● Directions
Give the whole listing below once more, exactly, without pictures.
### Material provided ###
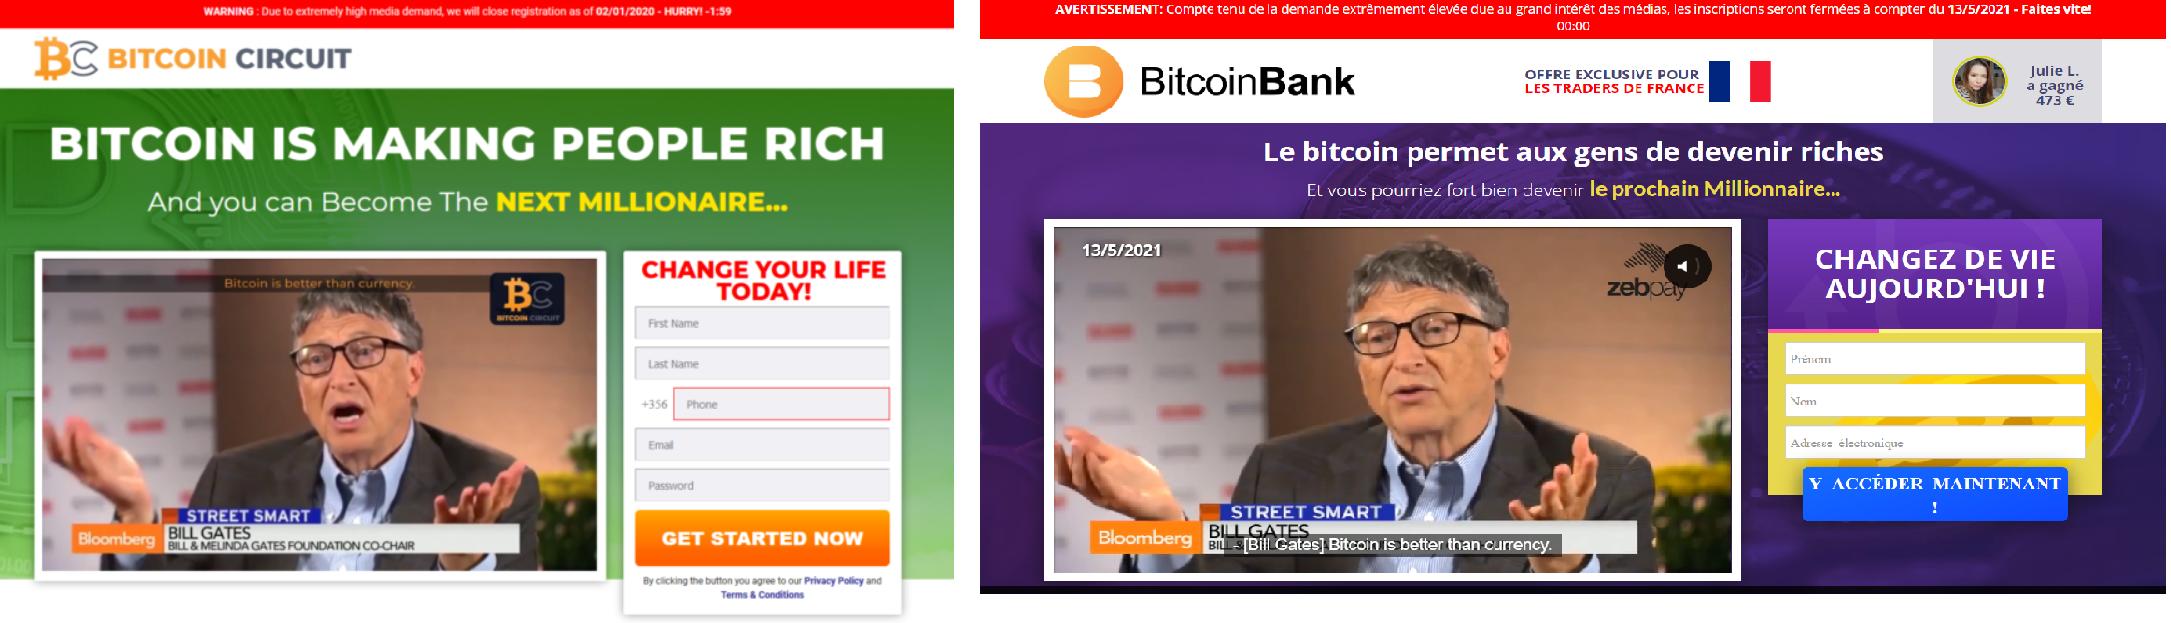 Bitcoin Circuit et Bitcoin Bank
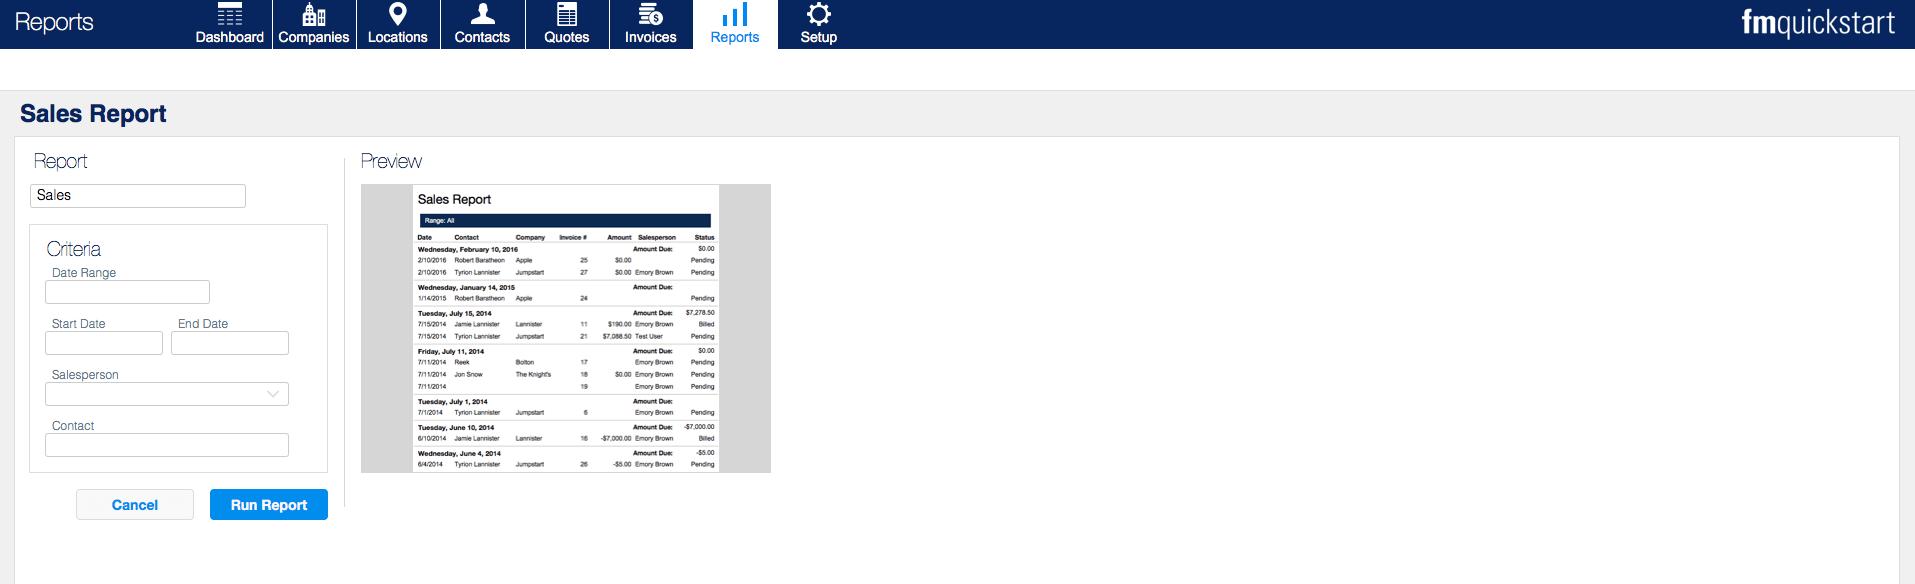 fm quickstart 17 reports
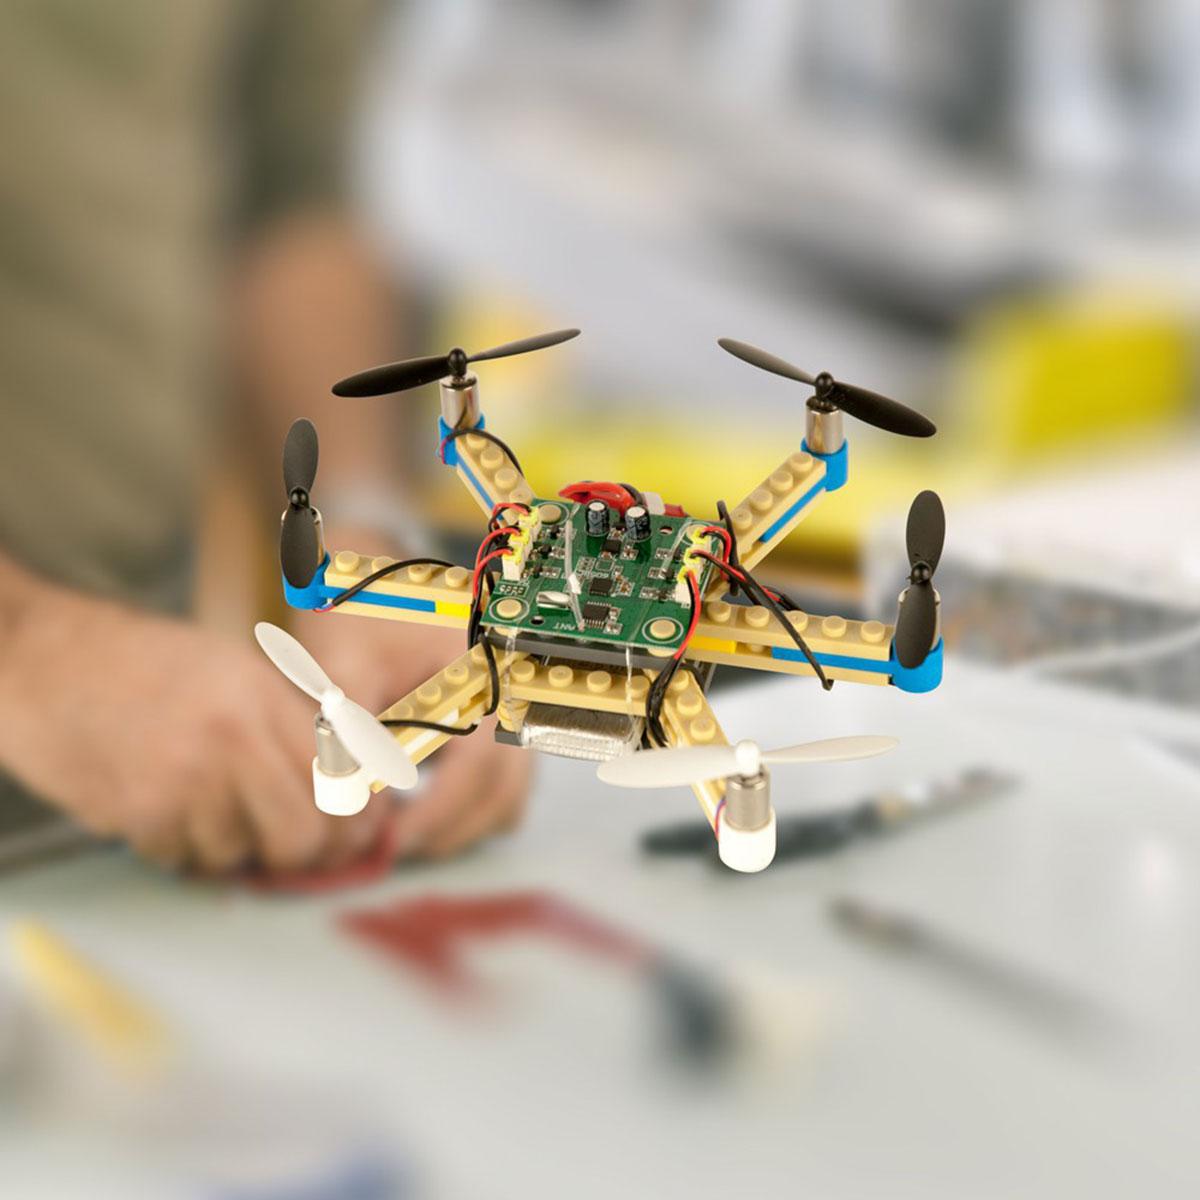 Drohnen-Mallorca-Drohnen-fliegen-Mallorca-Drohnen-Teambuilding-Mallorca-4
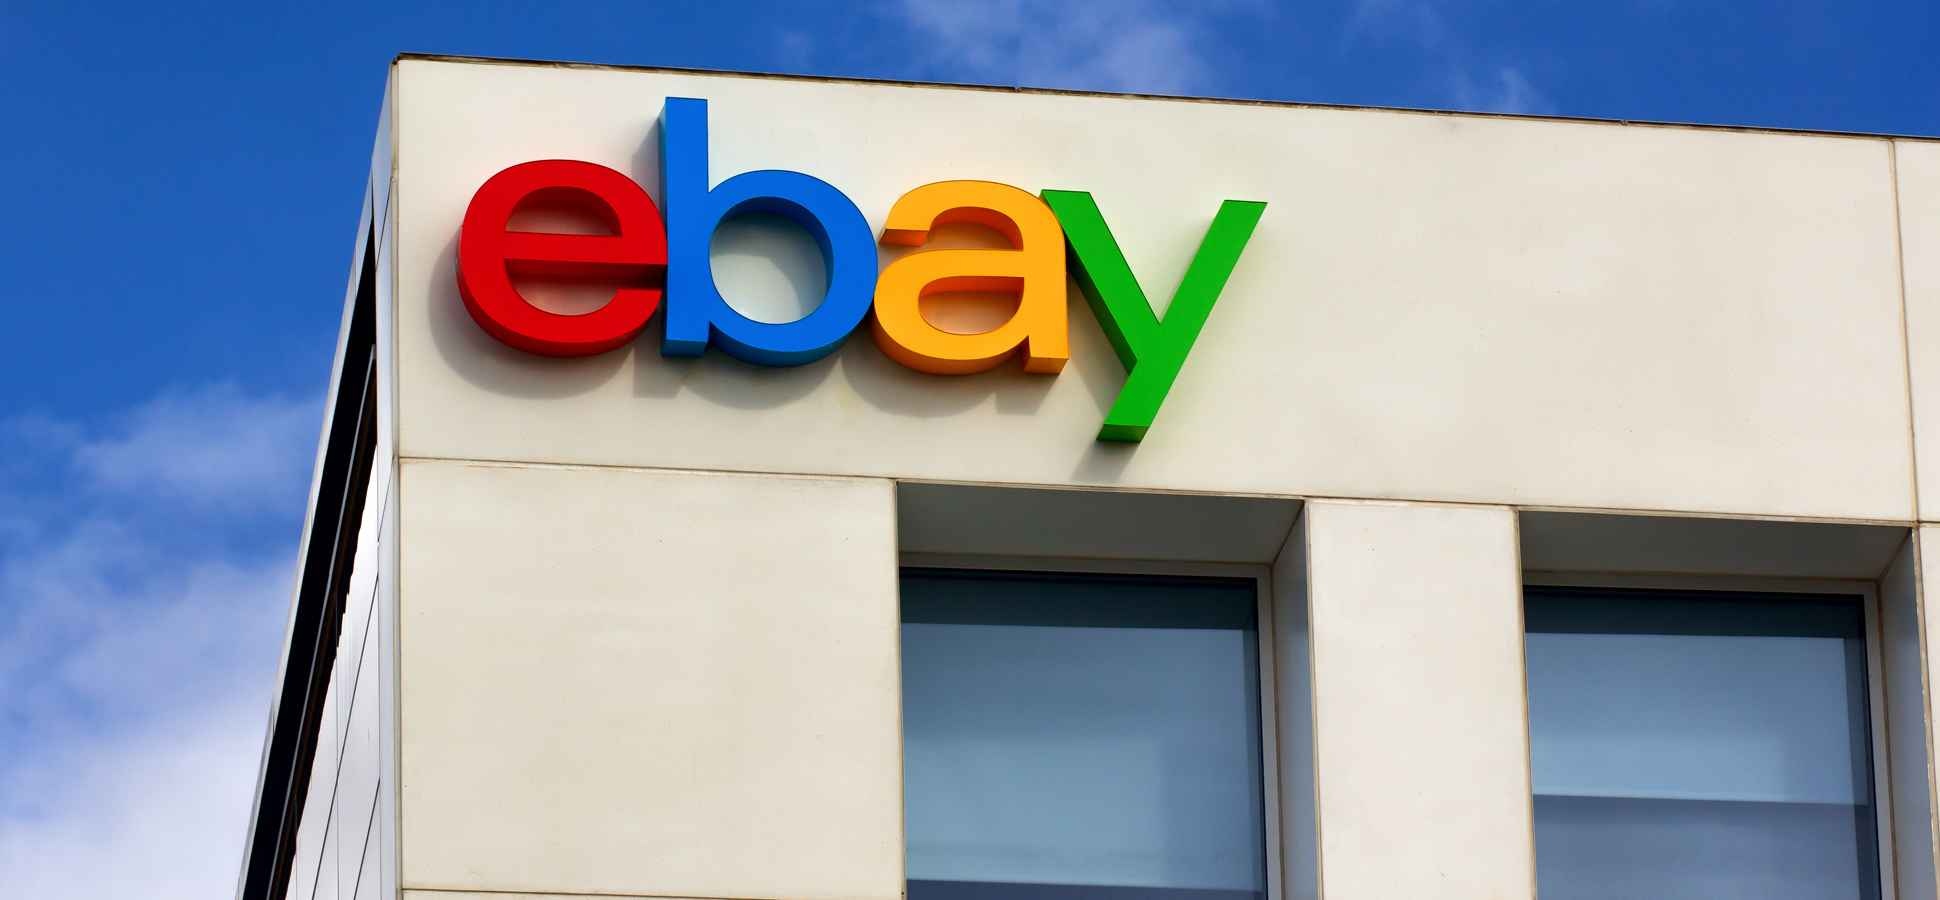 EBay Sells Stake Back to Craigslist
###
● Task response
 Bitcoin Circuit et Bitcoin Bank
 fm quickstart 17 reports
 Drohnen-Mallorca-Drohnen-fliegen-Mallorca-Drohnen-Teambuilding-Mallorca-4
 EBay Sells Stake Back to Craigslist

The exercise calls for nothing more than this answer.